All SPECT images were transformed into the standard brain size and shape by linear and nonlinear transformation using SPM99 for anatomic standardization (38). Thus, brain images from all subjects had the same anatomic format. For each pixel in SPECT images obtained before surgery, 2 values were calculated as follows: CBRBP/CBF (count/mL/100 g brain/min) = radioactive counts of 123I-IMZ/CBF without acetazolamide challenge and CVR(%) = ([CBF with acetazolamide challenge − CBF without acetazolamide challenge]/CBF without acetazolamide challenge) × 100. Then, in all CBF, CBRBP/CBF, and CVR SPECT images, 318 constant regions of interest (ROIs) were automatically placed in both the cerebral and cerebellar hemispheres using a 3-dimensional stereotactic ROI template (39). The ROIs were grouped into 10 segments (callosomarginal, pericallosal, precentral, central, parietal, angular, temporal, posterior, hippocampus, and cerebellum) in each hemisphere according to the arterial supply. Five (precentral, central, parietal, angular, and temporal) of these 10 segments were combined and defined as an ROI perfused by the MCA (Fig. 1). The mean value of all pixels in the MCA ROI in each hemisphere was calculated.
Diagrams showing ROIs of 3-dimensional stereotactic ROI template. White ROIs (precentral, central, parietal, angular, and temporal segments) indicate territories perfused by bilateral MCAs.

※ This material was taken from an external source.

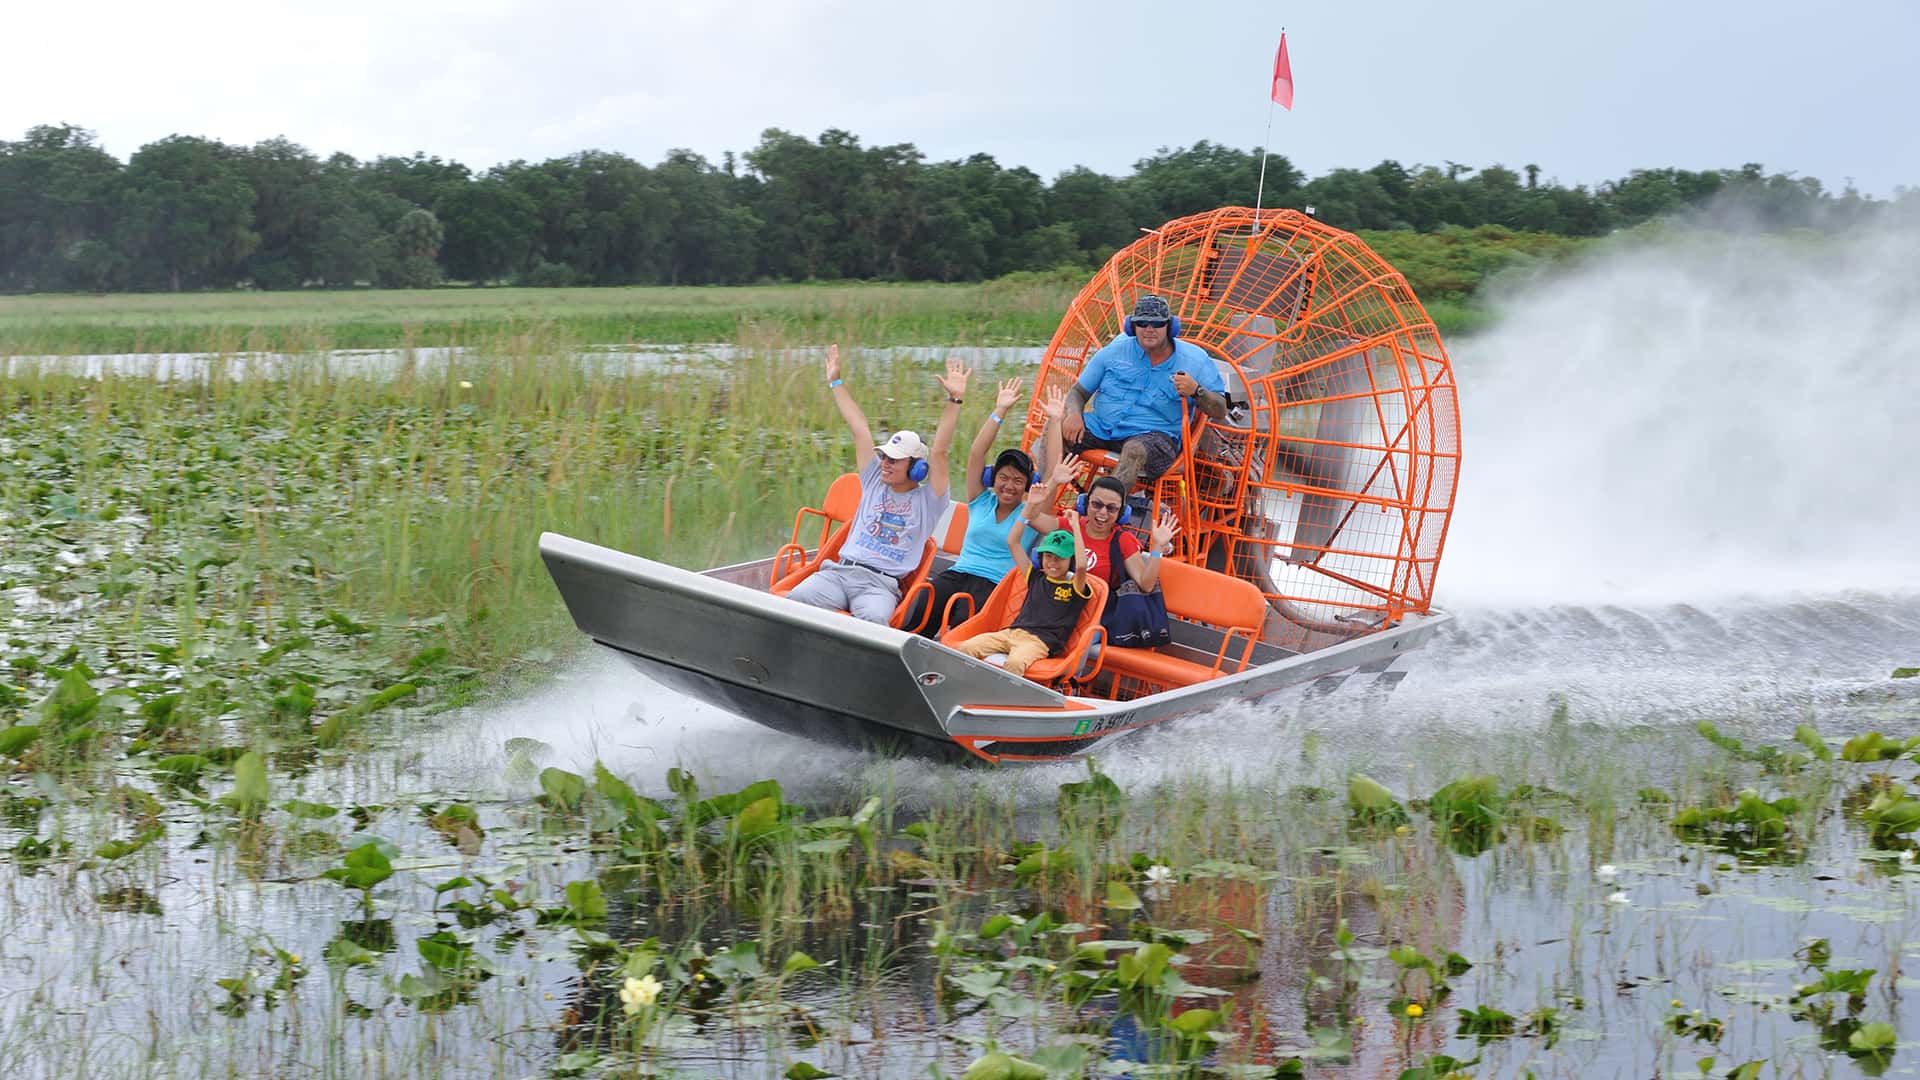 VIP or Private airboat ride 3
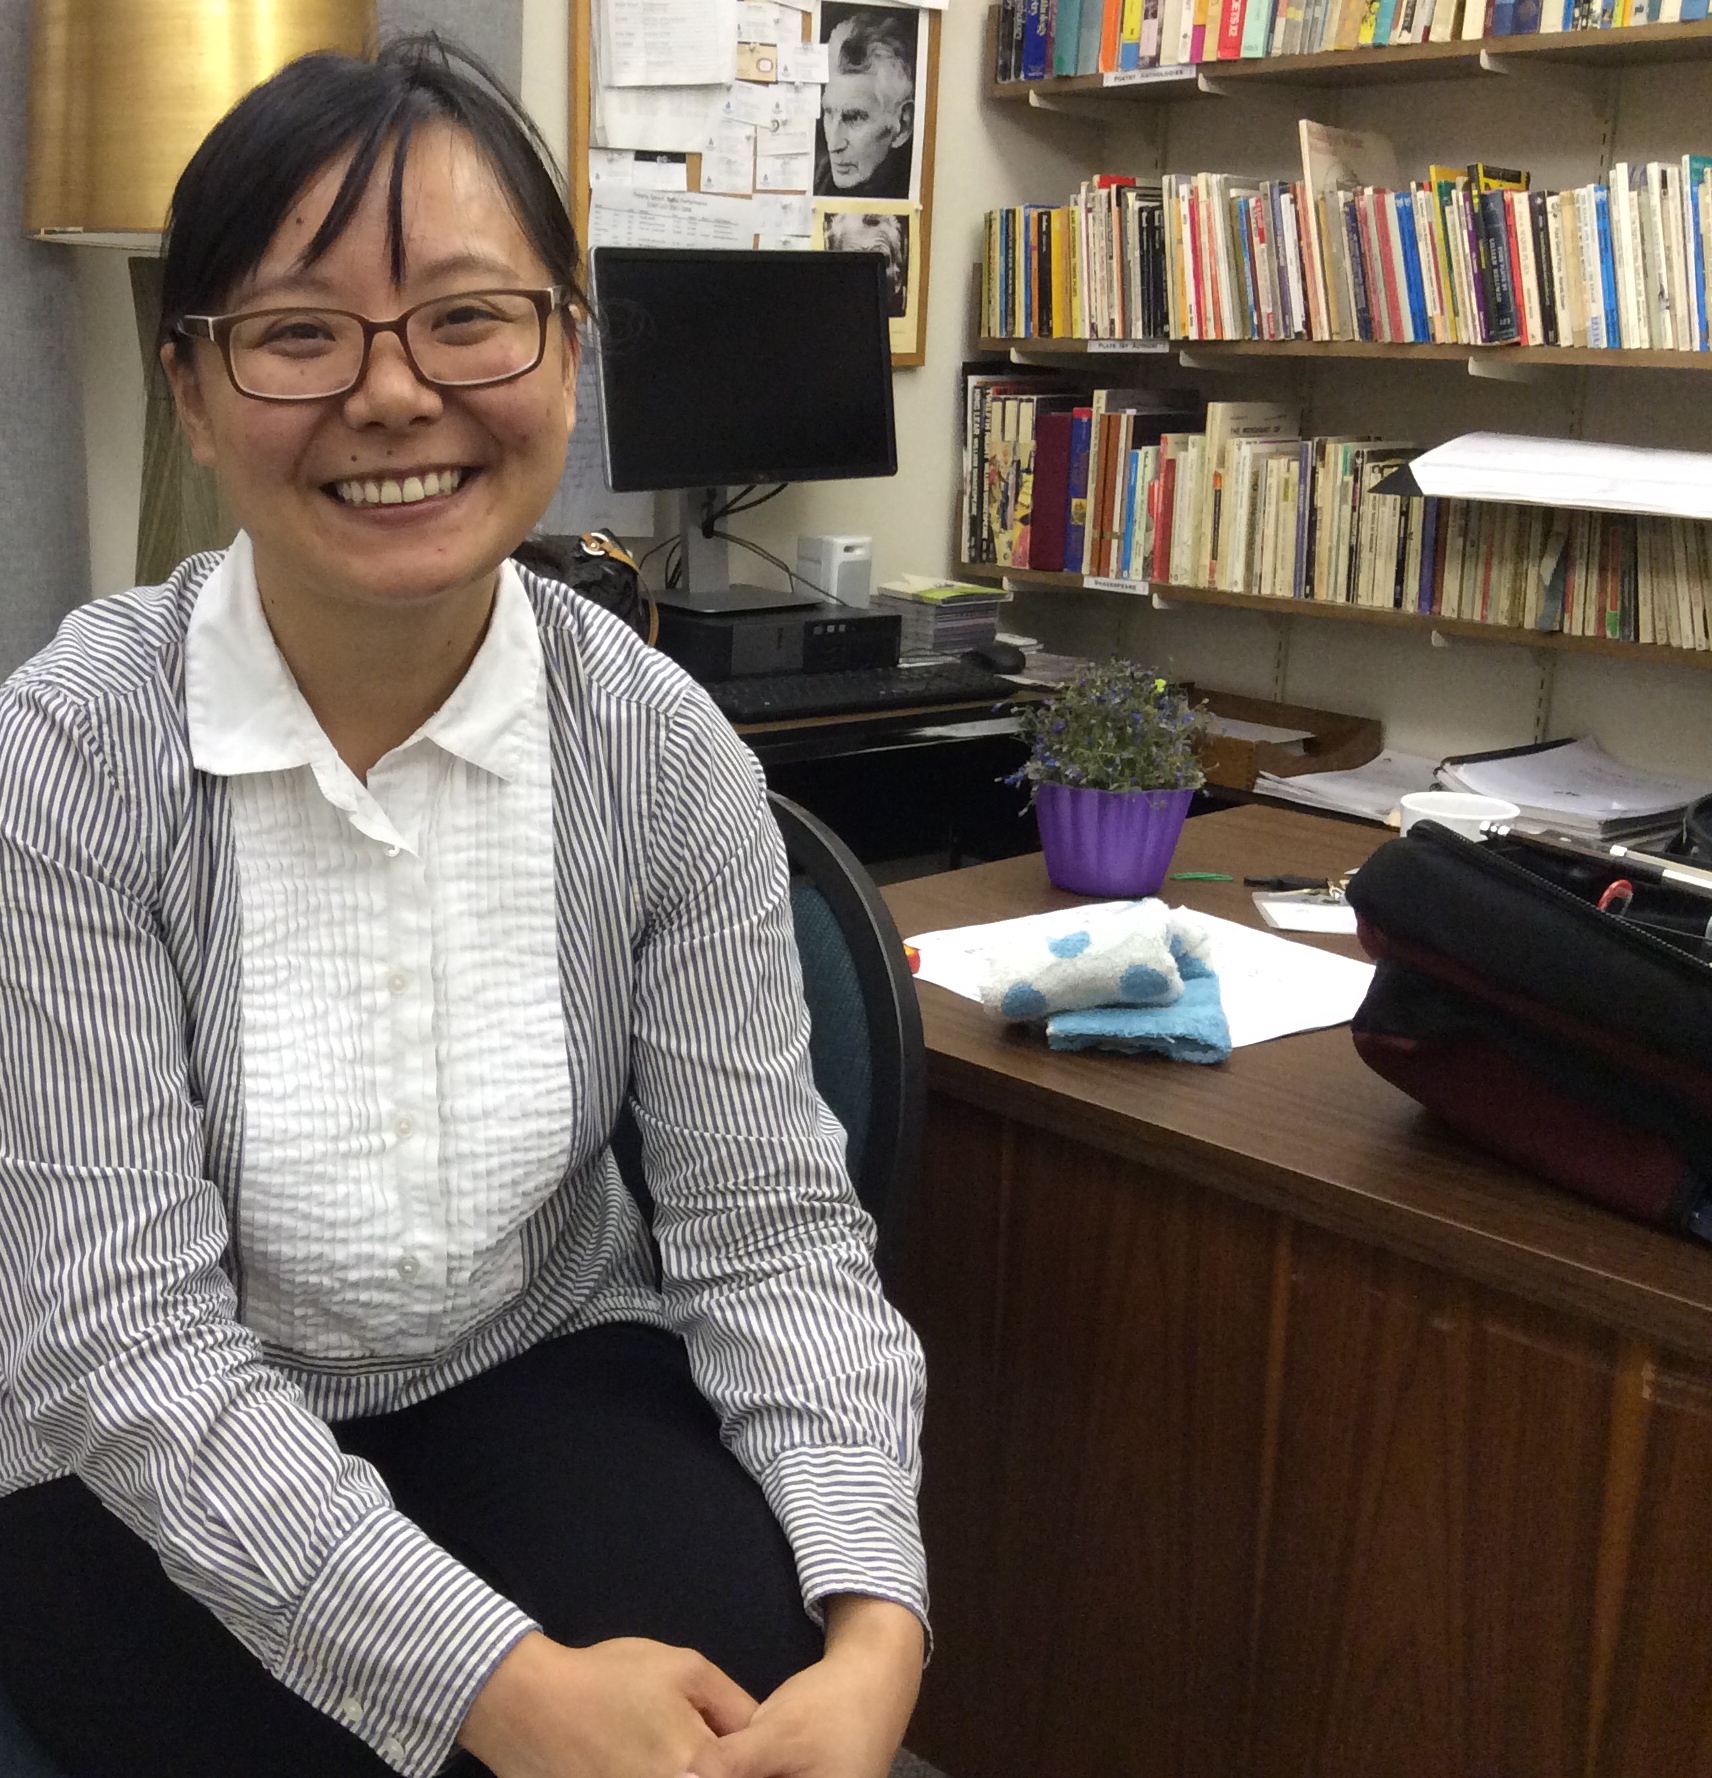 Violist Teng Li returns to Morningside Music Bridge as a faculty member. She was among the first viola students accepted into the program 16 years ago.

Further, in preoperative CBRBP/CBF images of each patient, the asymmetry index (AI) was calculated as follows: CBRBP/CBF AI = (CBRBP/CBFCEA)/(CBRBP/CBFCON) × 100, where CBRBP/CBFCEA is the value of the MCA ROI in the cerebral hemisphere ipsilateral to CEA, and CBRBP/CBFCON is that in the contralateral cerebral hemisphere. Using the same method, we studied 10 healthy subjects (8 men and 2 women; age, 35–52 y; mean age, 39 y) to obtain control values. The control value of CBRBP/CBF AI was 100.1 ± 5.0 when the left cerebral hemisphere was defined as the affected side (33).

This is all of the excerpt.